In fiction "as you know" and equivalent phrases appear before exposition which is needed for the audience to comprehend vital plot elements even though the characters in the scene really shouldn't need it reiterated. It can show up before a recap but it can also proceed and explanation of some in world conceit like how magic works or why they need a giant diamond for the super laser. As an expression it's kind of clunky and in isolation can cut into verisimilitude. For this reason it's best employed in a circumstance where the character being spoken to doesn't actually know. This can be because the character knows the facts but is too dim to draw conclusions from them, it can be because there knowledge is being tested, or it could be that they are drawing different conclusions from the facts.
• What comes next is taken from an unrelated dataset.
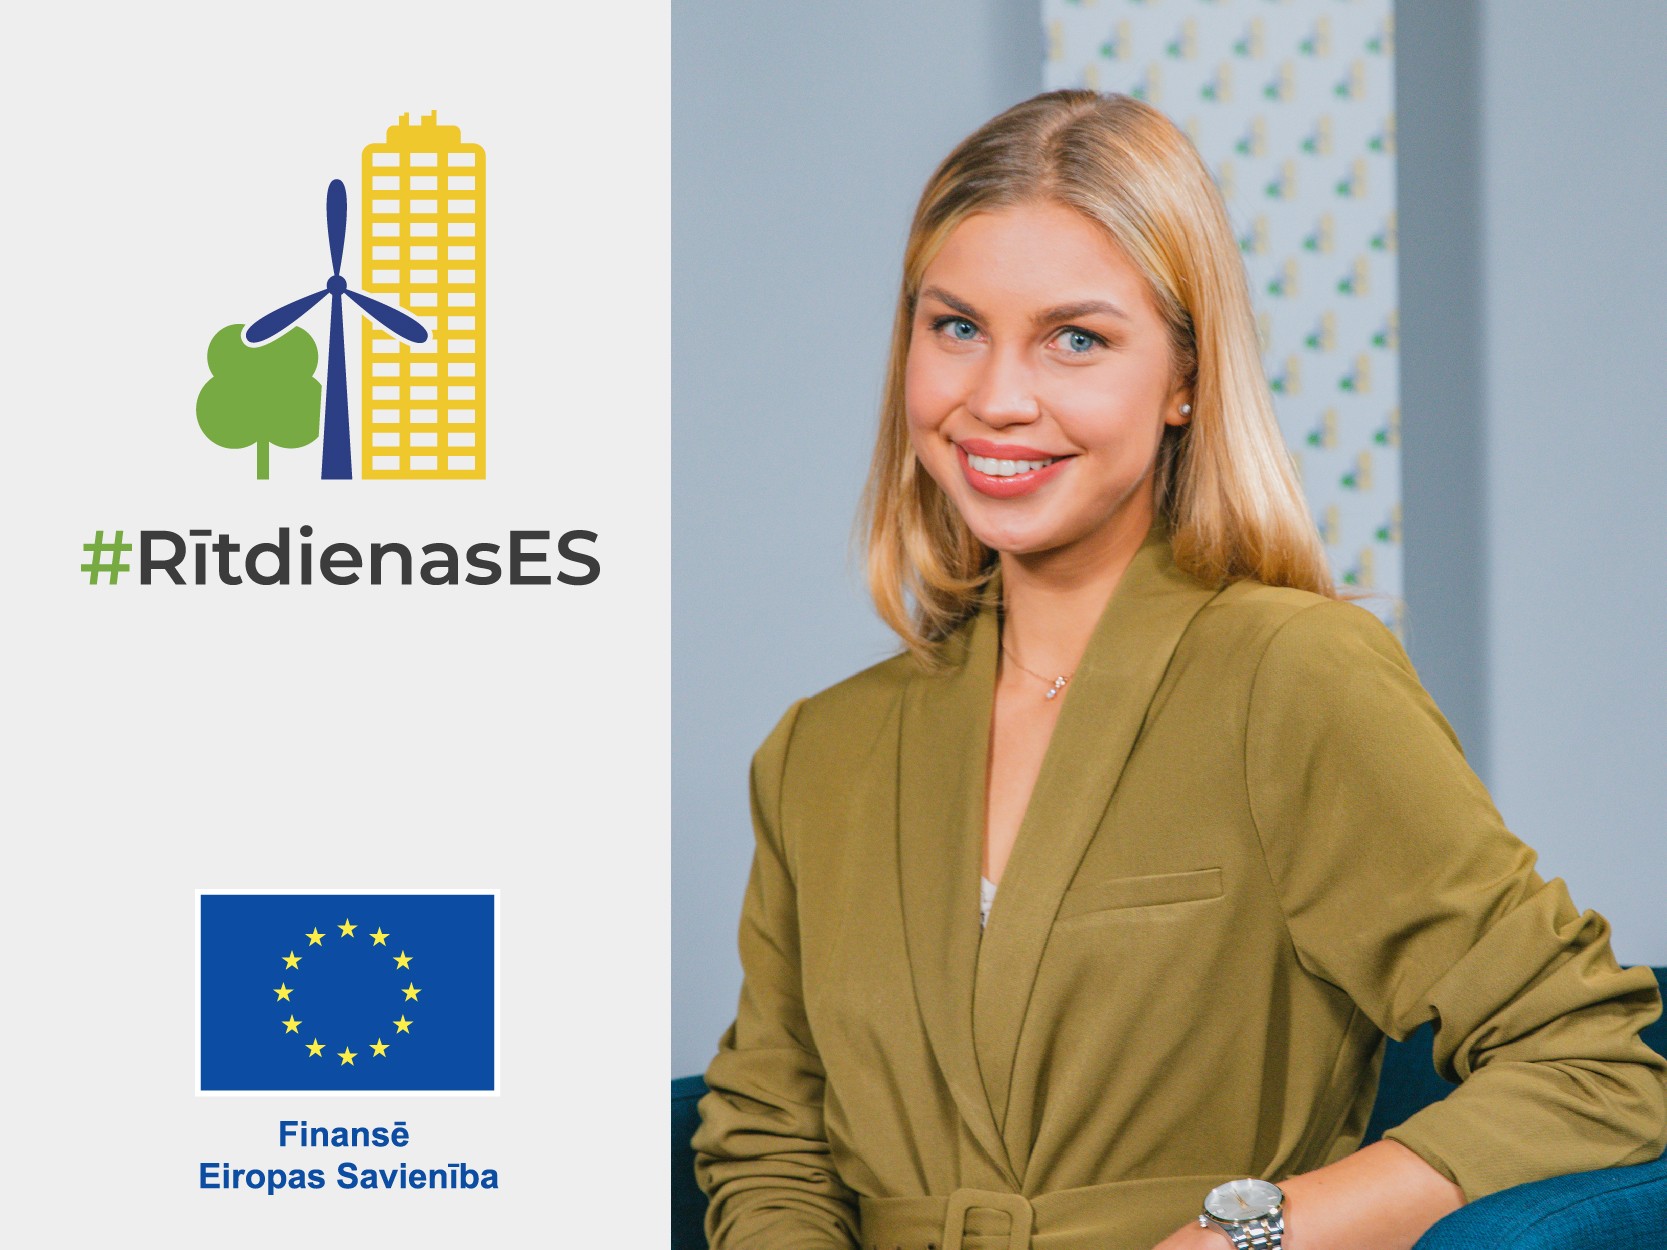 Rītdienas ES | Patrīcija Anna Vavilova | Kā apvienot videi draudzīgus un digitālus risinājumus?
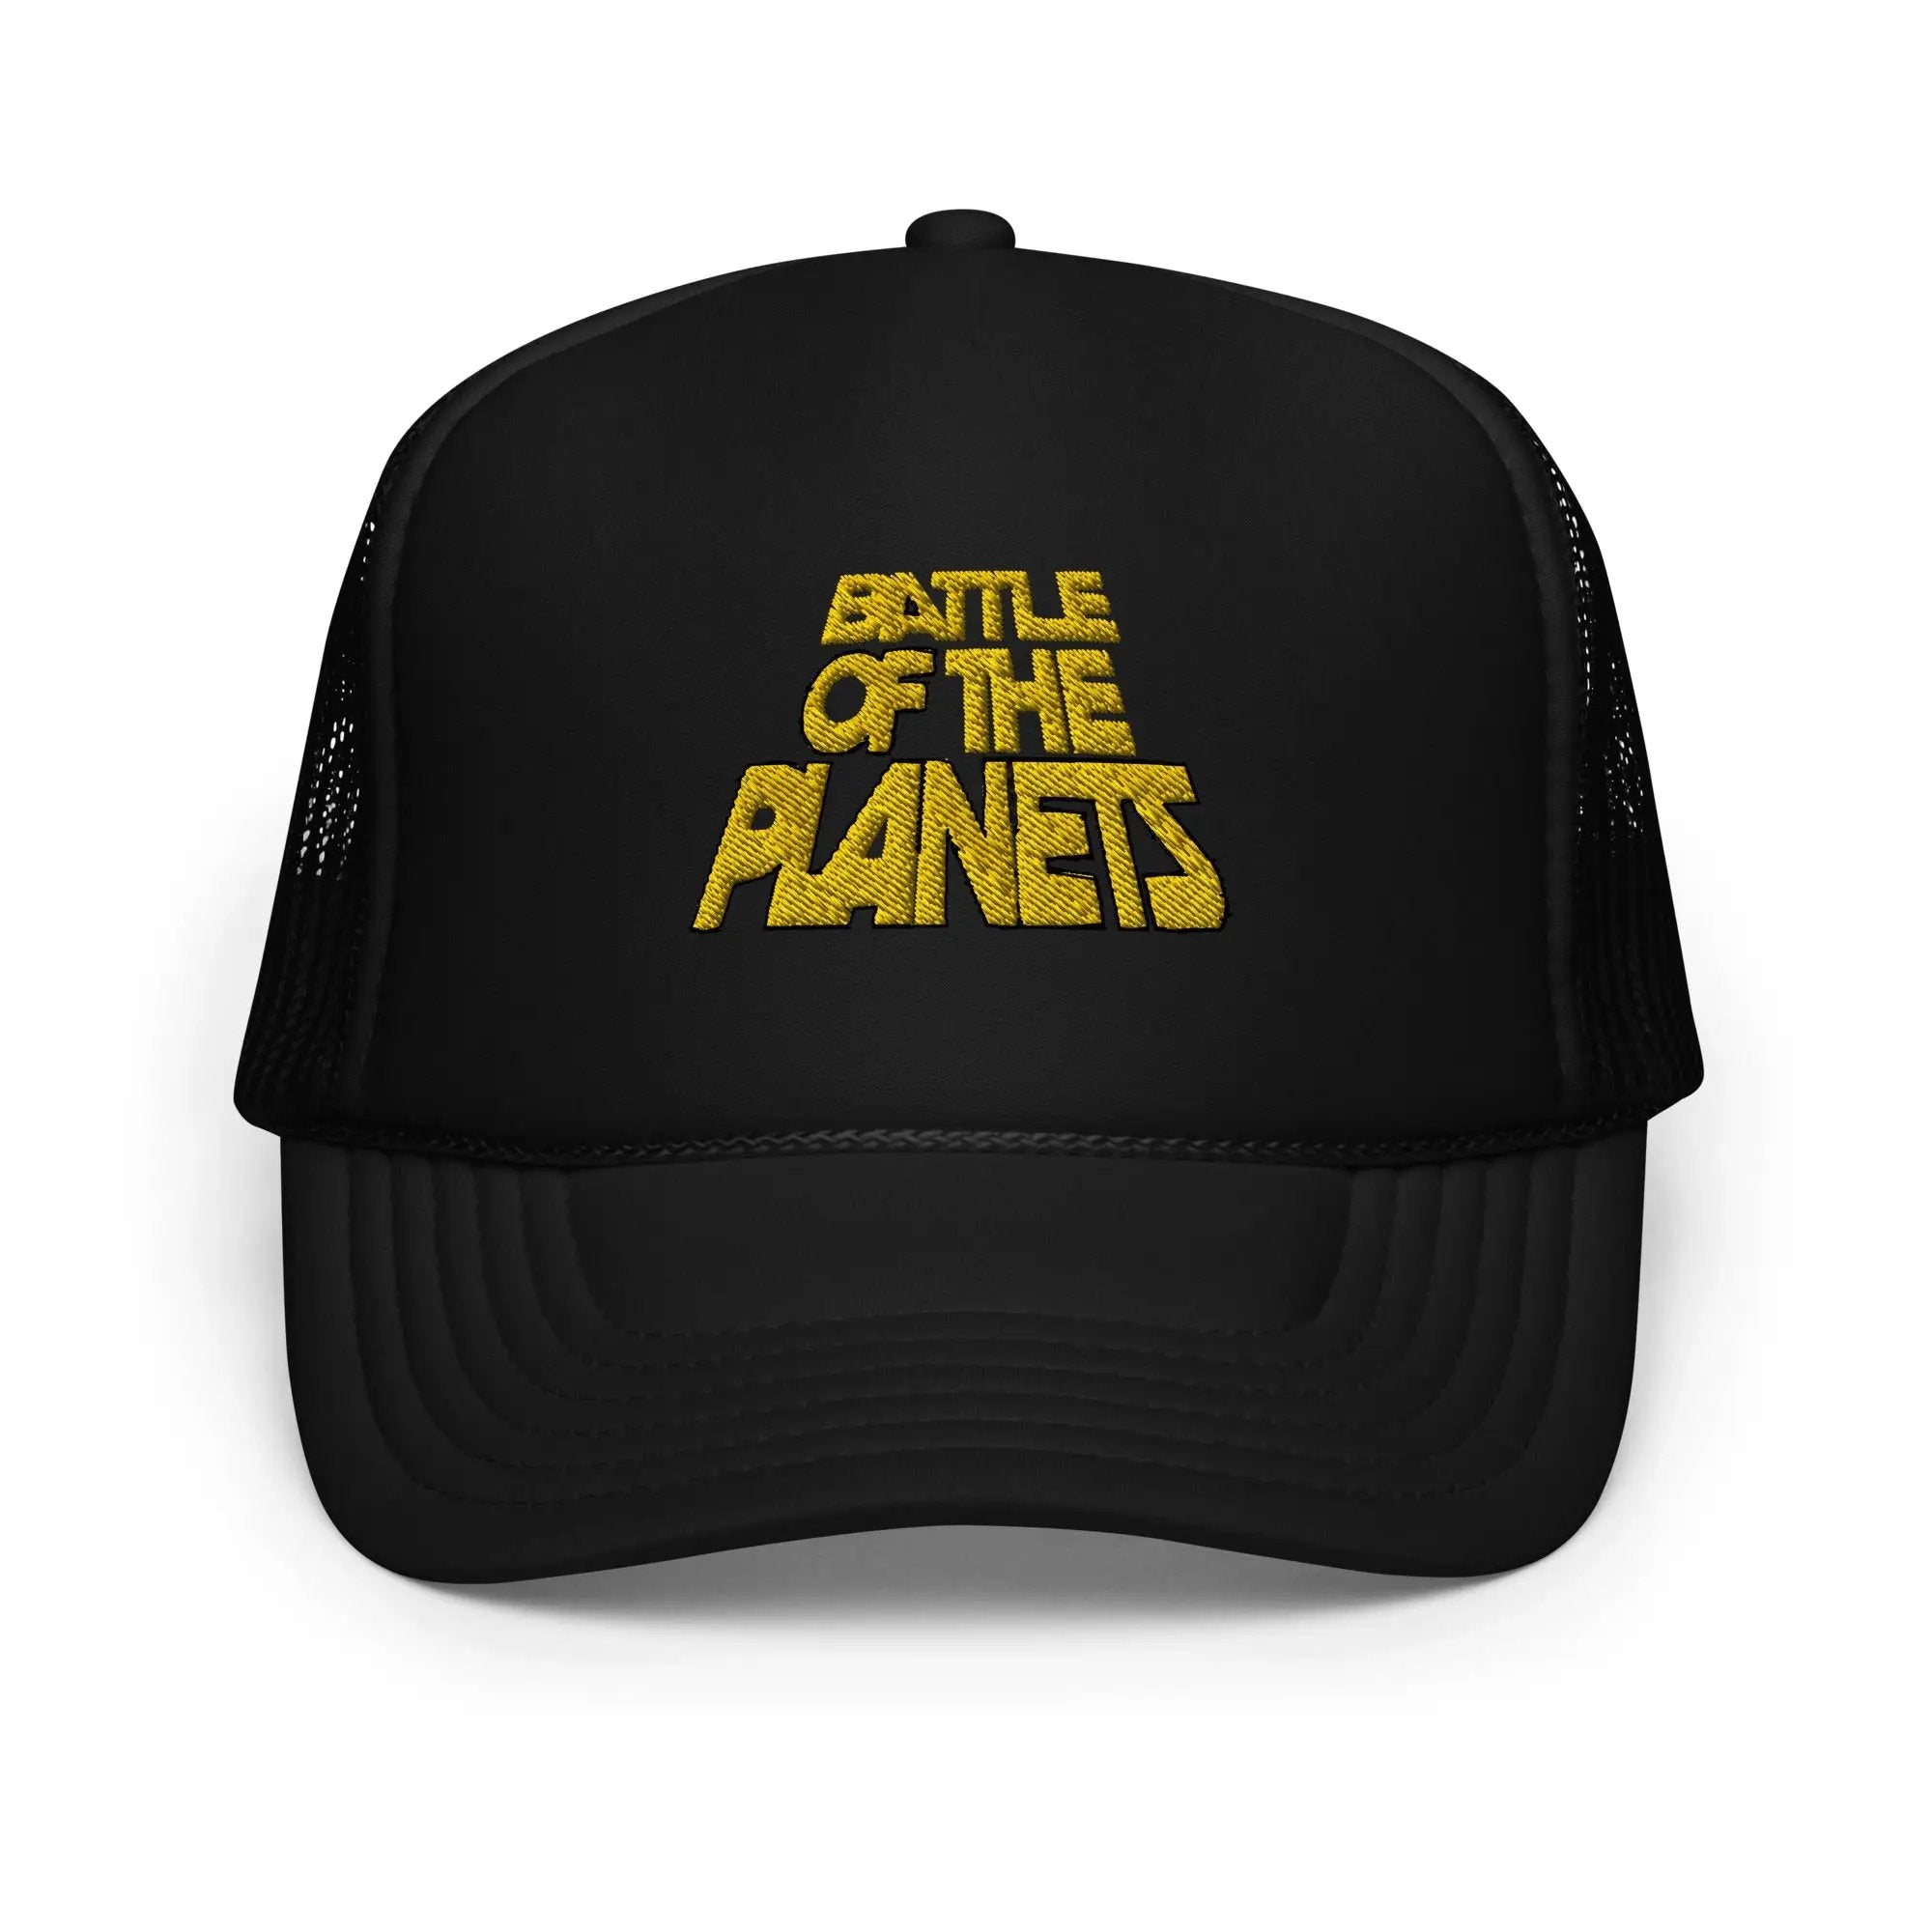 Battle Of The Planets Foam trucker hat

In each of these cases the exchange provides some characterization on top of the exposition. Of course all of that also requires the author to come up with reasons why the characters have this particular dynamic and keep the story more or less consistent on that point. This is easier at the beginning of a story when there is no prior characterization for it to conflict with and gets harder as characters' understanding of what they are doing increases. For this reason episodic works that have to continually onboard new readers are often the worst offenders for deploying the phrase where there is absolutely no diegetic reason to rehearse the obvious.
"As you know" was most prevalent in mid Twentieth Century adventure genre pieces. Literally picking a random book off of faded pages I found four instances. Seven more books from the genre had three with one or more occurrences so I feel pretty confident from my tiny sample that this really was a thing. Interestingly, every instance was in a book from a numbered series. While I think it's easy to dismiss the phrase as a hackneyed cliche it's also worth considering that this is the sort of phrase real people can and do use when elaborating on the consequences or implications of some shared beliefs. It's only really a problem when it is shoehorned into dialogue which strains audience immersion.